I've spent most of the day on this and finally calling in some help. There are multiple entries here on related questions, but none that quite get at what I'm trying to do.
Below is an example df.
x <- tibble::tribble(
~kpu_operating, ~kpu_procedure, ~sf_operating, ~sf_procedure,
3L, 2L, 572L, 120L,
3L, 1L, 440L, 121L,
6L, NA, 535L, 122L,
3L, NA, 542L, 123L
)
Im trying to pivot longer such that "kpu_" and "sf_" are stripped away. Then I'm trying to collect "operating" and "procedure" from all four columns into a single new column.
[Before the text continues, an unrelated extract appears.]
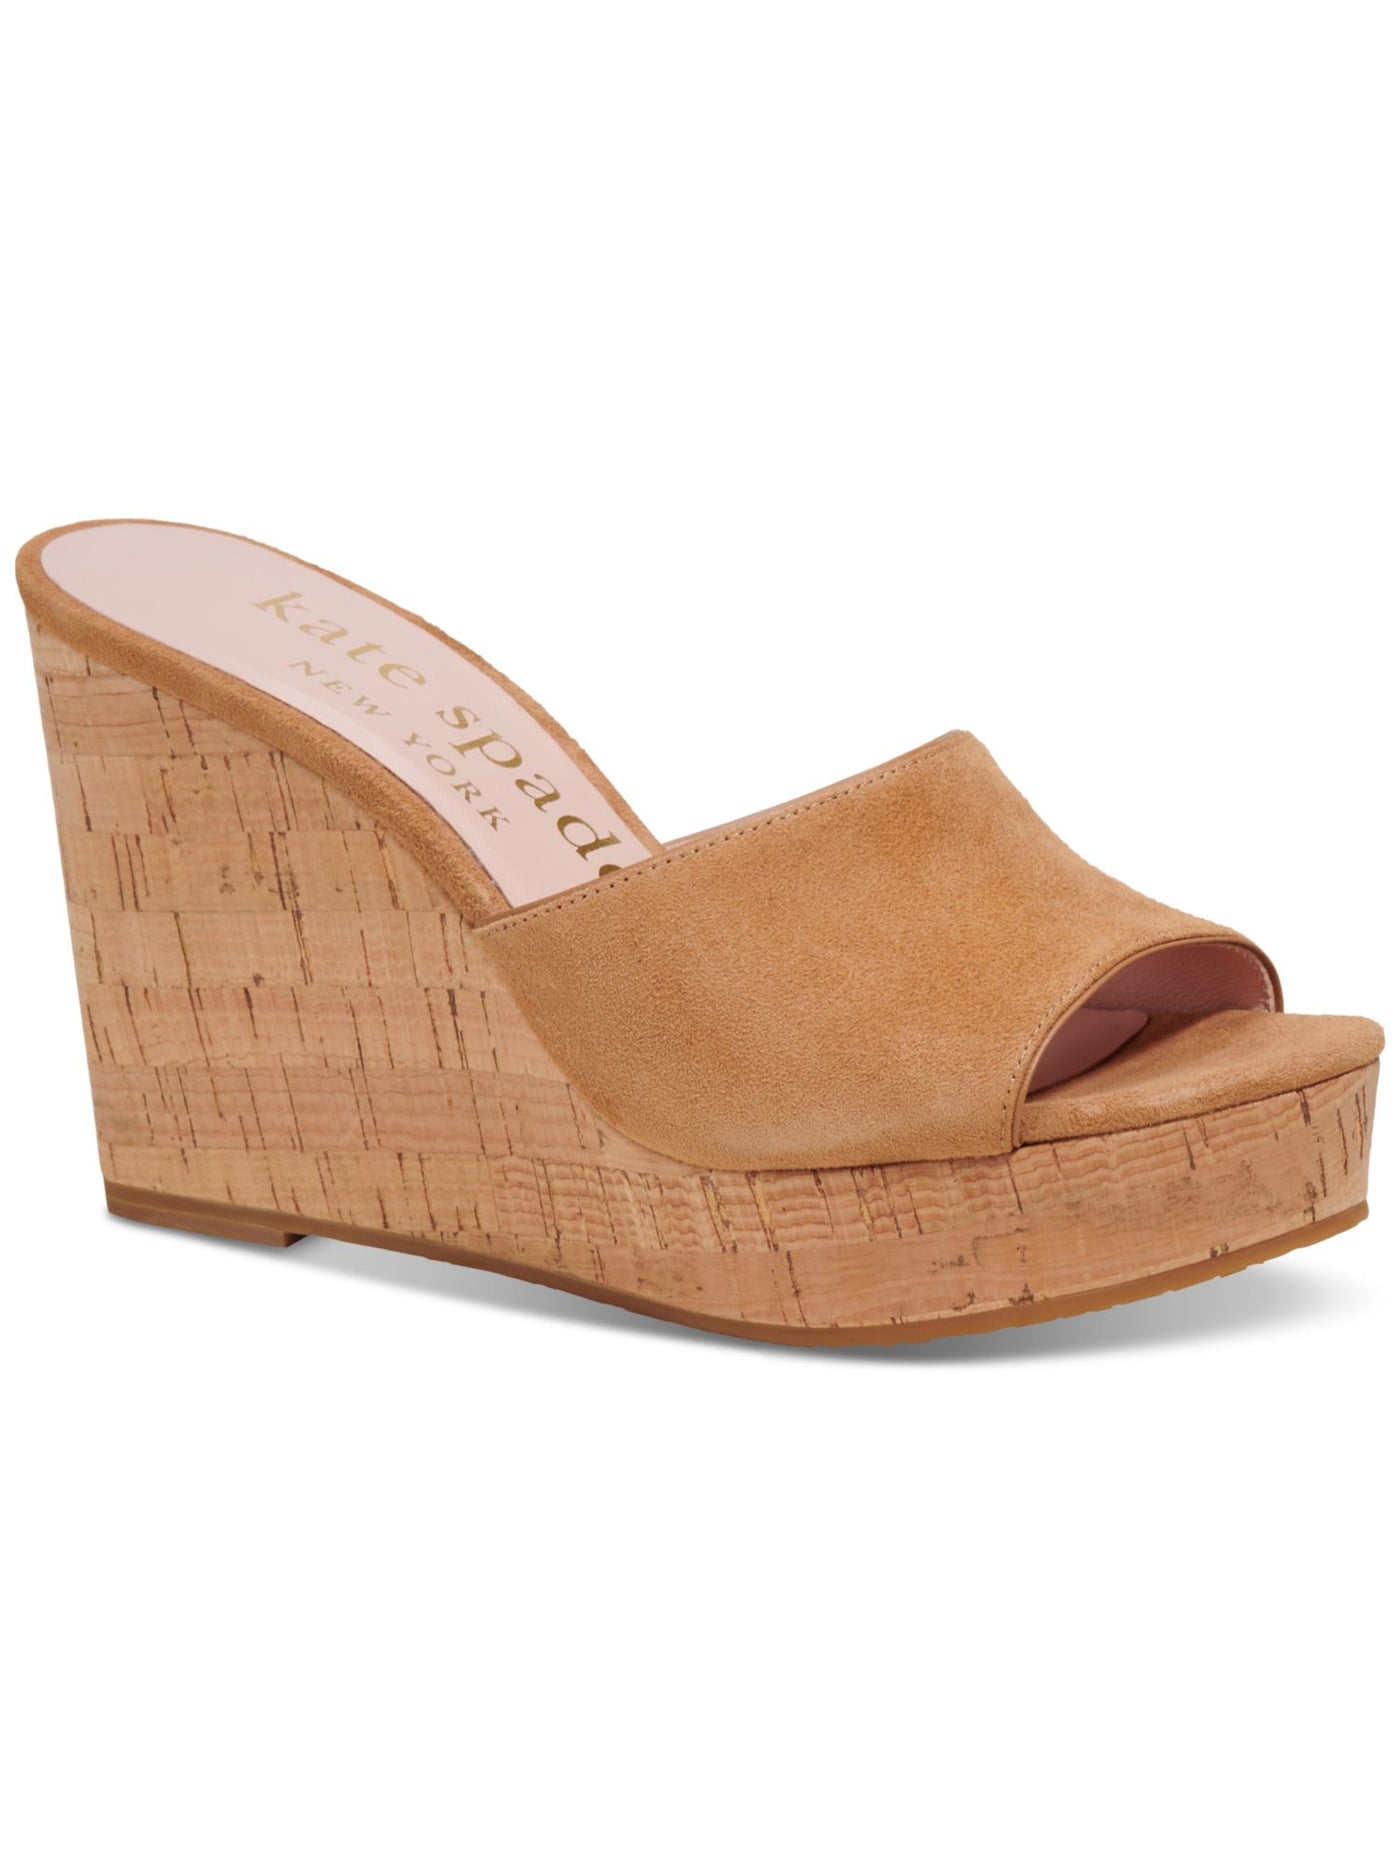 KATE SPADE NEW YORK Womens Beige 1" Cork-Like Platform Padded Penelope Round Toe Wedge Slip On Leather Heeled Sandal 11 B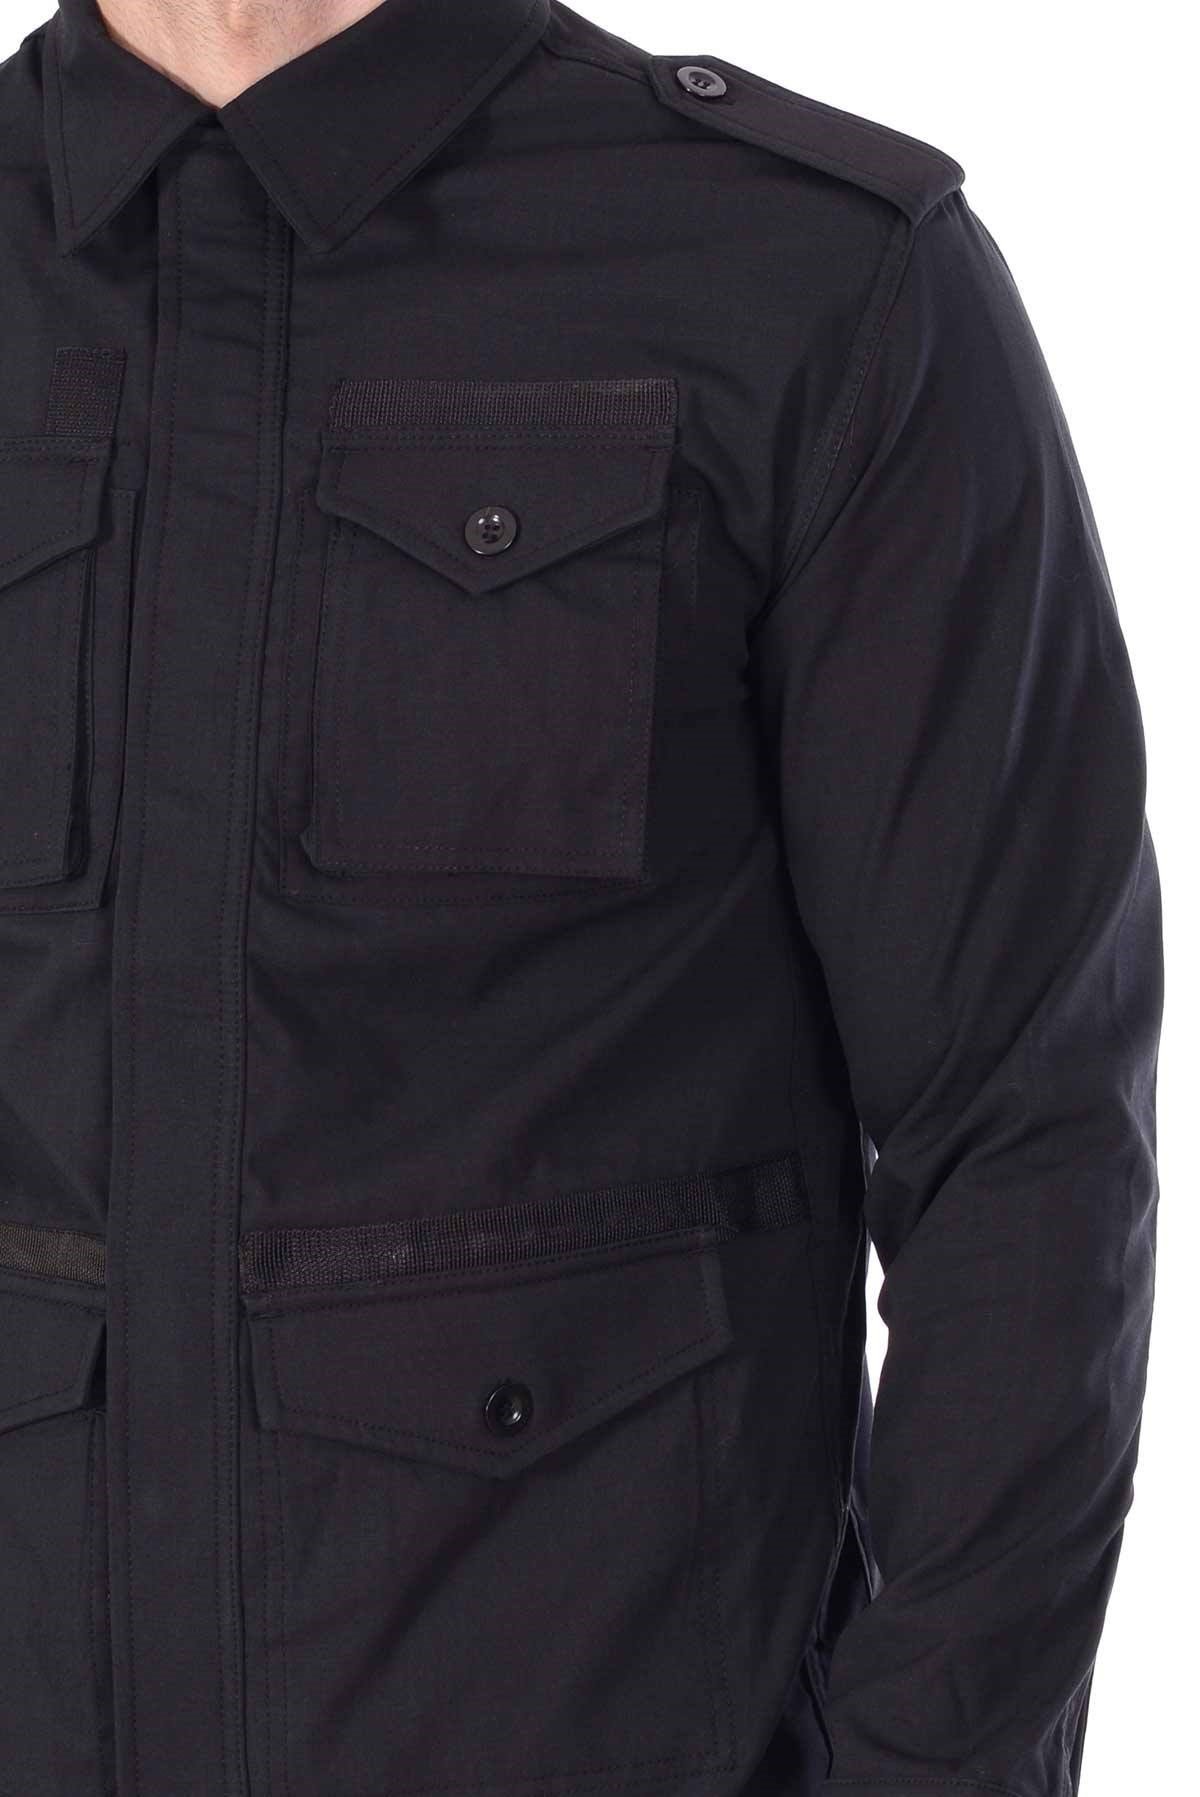 Taktikal Outdoor Ceket Siyah-TC02 - Polis Sepeti

Lastly, I would like the two columns that r starts_with("kpu_")
to be put into a new column called "n_unit" and the two columns that r starts_with("sf_")
to be placed into a new column called "sf_unit". It would look something like this:
y <- tibble::tribble(
~unit, ~n_unit, ~sf_unit,
"Operating", 3L, 572L,
"Operating", 3L, 440L,
"Operating", 6L, 535L,
"Operating", 3L, 542L,
"Procedure", 2L, 120L,
"Procedure", 1L, 121L,
"Procedure", NA, 122L,
"Procedure", NA, 123L
)
I've tried endless variations of this:
x <- x |>
pivot_longer(cols = starts_with("kpu_"),
names_prefix = "kpu_",
names_to = "unit",
values_to = "n_unit") |>
pivot_longer(cols = starts_with("sf_"),
names_prefix = "sf_",
names_to = "unit2",
values_to = "sf_unit")
and another:
x <- x |> pivot_longer(df, cols = c(starts_with("kpu_", "sf_")),
names_prefix = c("kpu_", "sf_"),
names_to = "unit",
values_to = "n_unit")
Here are some of the similar questions I've studied:
Is there way to pivot_longer to multiple values columns in R?
Using pivot_longer with existing names_to column
tidyverse pivot_longer several sets of columns, but avoid intermediate mutate_wider steps
https://cran.r-project.org/web/packages/tidyr/vignettes/pivot.html
pivot_longer into multiple columns
https://dcl-wrangle.stanford.edu/pivot-advanced.html
Thank you in advance for any help.
This can be done with tidyr::names_pattern()
and a bit of regex:
library(tibble)
library(dplyr)
library(tidyr)
x <- tibble::tribble(
~kpu_operating, ~kpu_procedure, ~sf_operating, ~sf_procedure,
3L, 2L, 572L, 120L,
3L, 1L, 440L, 121L,
6L, NA, 535L, 122L,
3L, NA, 542L, 123L
)
y <- x |>
pivot_longer(cols = everything(),
names_to = c(".value", "unit"),
names_pattern = "^(.*)_(.*)$") |>
rename(n_unit = "kpu", sf_unit = "sf") |>
arrange(unit)
y
# # A tibble: 8 × 3
# unit n_unit sf_unit
# <chr> <int> <int>
# 1 operating 3 572
# 2 operating 3 440
# 3 operating 6 535
# 4 operating 3 542
# 5 procedure 2 120
# 6 procedure 1 121
# 7 procedure NA 122
# 8 procedure NA 123